On 5 November 2018, the EMA published a discussion paper concerning the use of patient disease registries for regulator purposes. The discussion paper was published within the context of the EMA’s Patient Registries Initiative (PRI). The consultation period is open to stakeholders until 29 June 2019. It has been published to allow stakeholders to participate in the discussion by commenting on the paper.
In 2015, the EMA established the PRI and the Cross-Committee Task Force (CCTF) on registries to explore ways of expanding the use of patient disease registries. The EMA wishes to support a more systematic and standardised approach so patient disease registries can become useful to the benefit-risk evaluation of medicinal products.
The initiative aims to provide long term access to high quality data for research purposes through patient disease registries. Patient disease registries include a large amount of clinical information that has not been extensively used by national competent authorities. The EMA would like competent authorities to use the patient registries for the benefit-risk evaluation of medicinal products.
The main objective of this initiative is to facilitate use of patient registries to support regulatory decision-making. The paper discusses methodological and operational aspects of the use of patient disease registries and registry studies for regulatory purposes, including the methodological aspects of studies performed with registry data to increase regulators’ confidence in the results of the studies.
The paper explains that regulators generally prefer disease registries to product registries. This is because patient disease registries gather insights into clinical outcomes in patients receiving different treatments. Patient disease registries may support a wider range of study designs than product registries. An example given is “controlled designs without an external data source”.
As the paper makes comparisons with other types of registries, the considerations also concern product registries and registries of patients defined by a specific condition.
The paper highlights the differences between a registry study and a registry. It also provides considerations regarding best registry practices for registries as well as considerations for registry studies. The paper provides that a registry is a routine, long-term, data collection system. A registry study, is a time-limited investigation of a specific research question. The paper explains that as such, a different methodological approach is needed for patient disease registries and registry studies.

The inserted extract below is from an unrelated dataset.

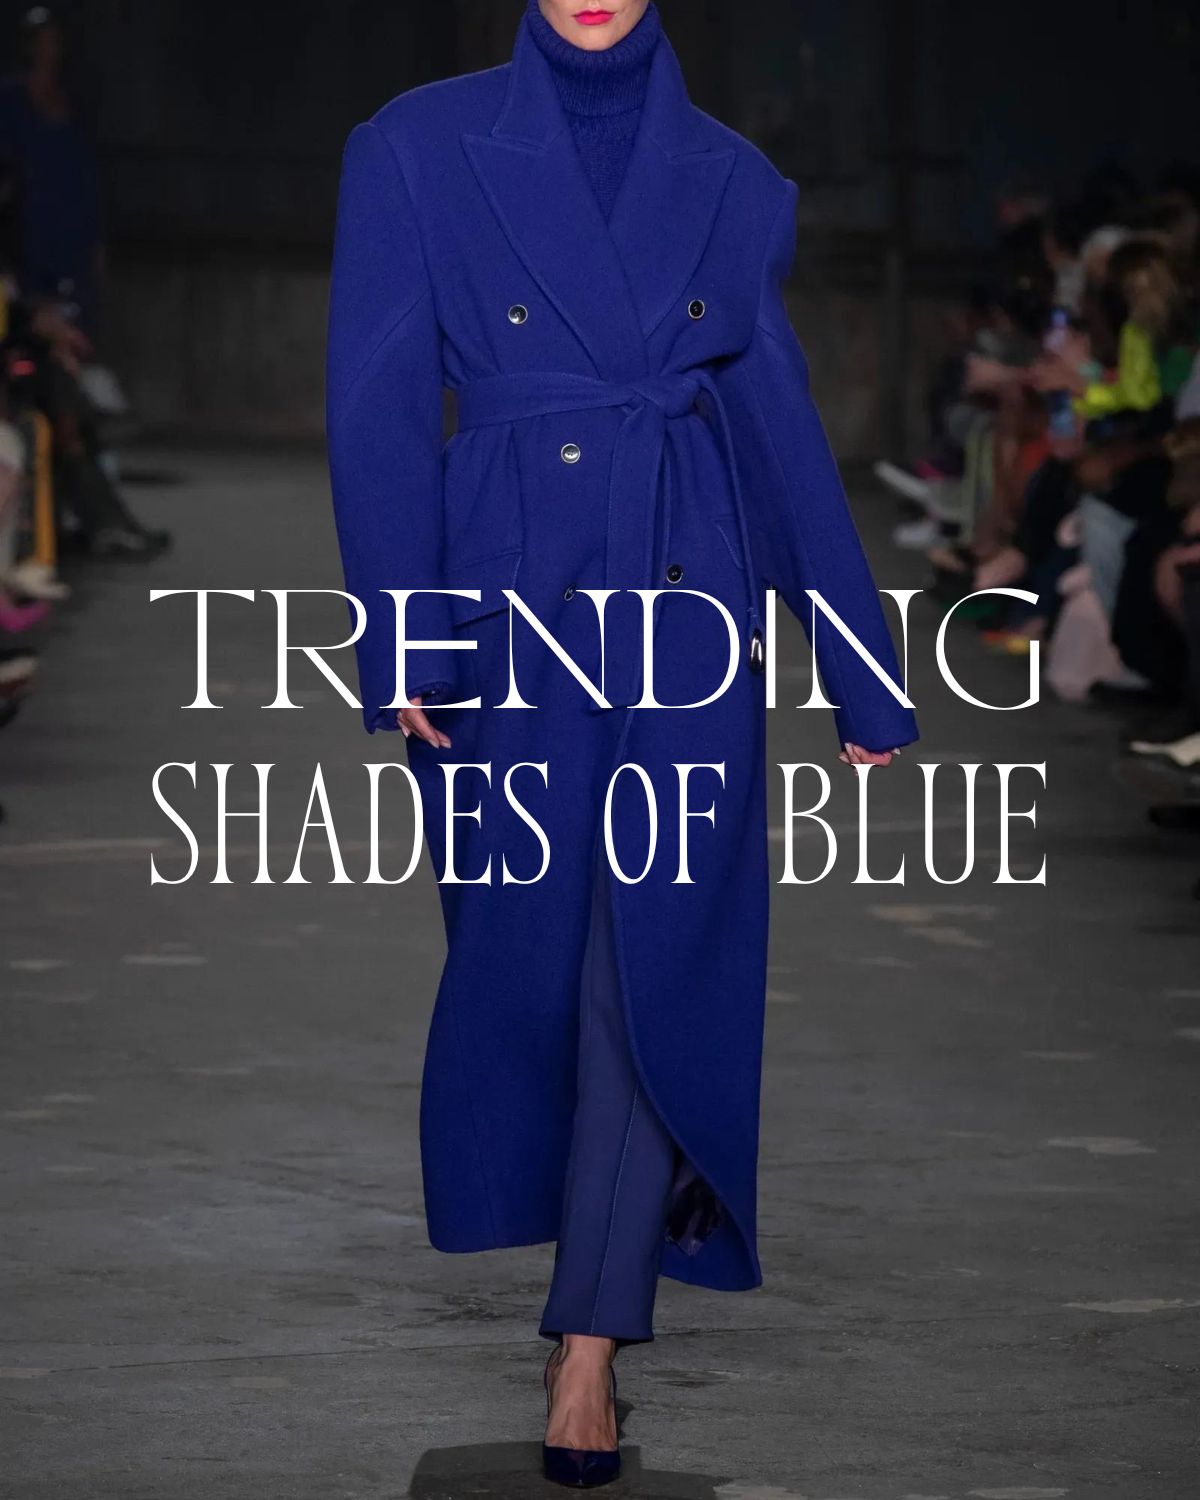  A super model walking down the runway in a blue coat and trousers

Regarding registry studies the paper provides considerations regarding the choice of the patient population, the recording of time data, the keeping track of core data elements collected and a list with recommended international terminology. The paper also suggests measures and data indicators to improve data quality, considerations regarding safety analyses and recommendations regarding the collaboration between registries, Market Authorisation Holders (MAH) and competent national authorities.
Regarding registry studies, the paper provides considerations regarding regulatory legal compliance obligations such as post-authorisation safety studies, the design of study protocols and timelines, the choice of study populations, limitations to data collection, data quality control, data analysis, safety reporting and reporting of study results.
The EMA further encourages early dialogue between the MAH and the competent national authority. The EMA is also willing to provide tools to facilitate the recognition of disease registries as data sources, to conduct studies for regulatory purposes. The Scientific Advice procedure on study protocols and the Qualification procedures of registries are available to pharmaceutical companies and registry coordinators to provide advice and opinions on the validity of registries and study protocols.
 The paper uses the following definition of a patient registry: “A patient registry is defined as an organised system that uses observational methods to collect uniform data on a patient population defined by a particular disease, exposure or condition (e.g. age, pregnancy, specific patient characteristics), and which is followed over time.”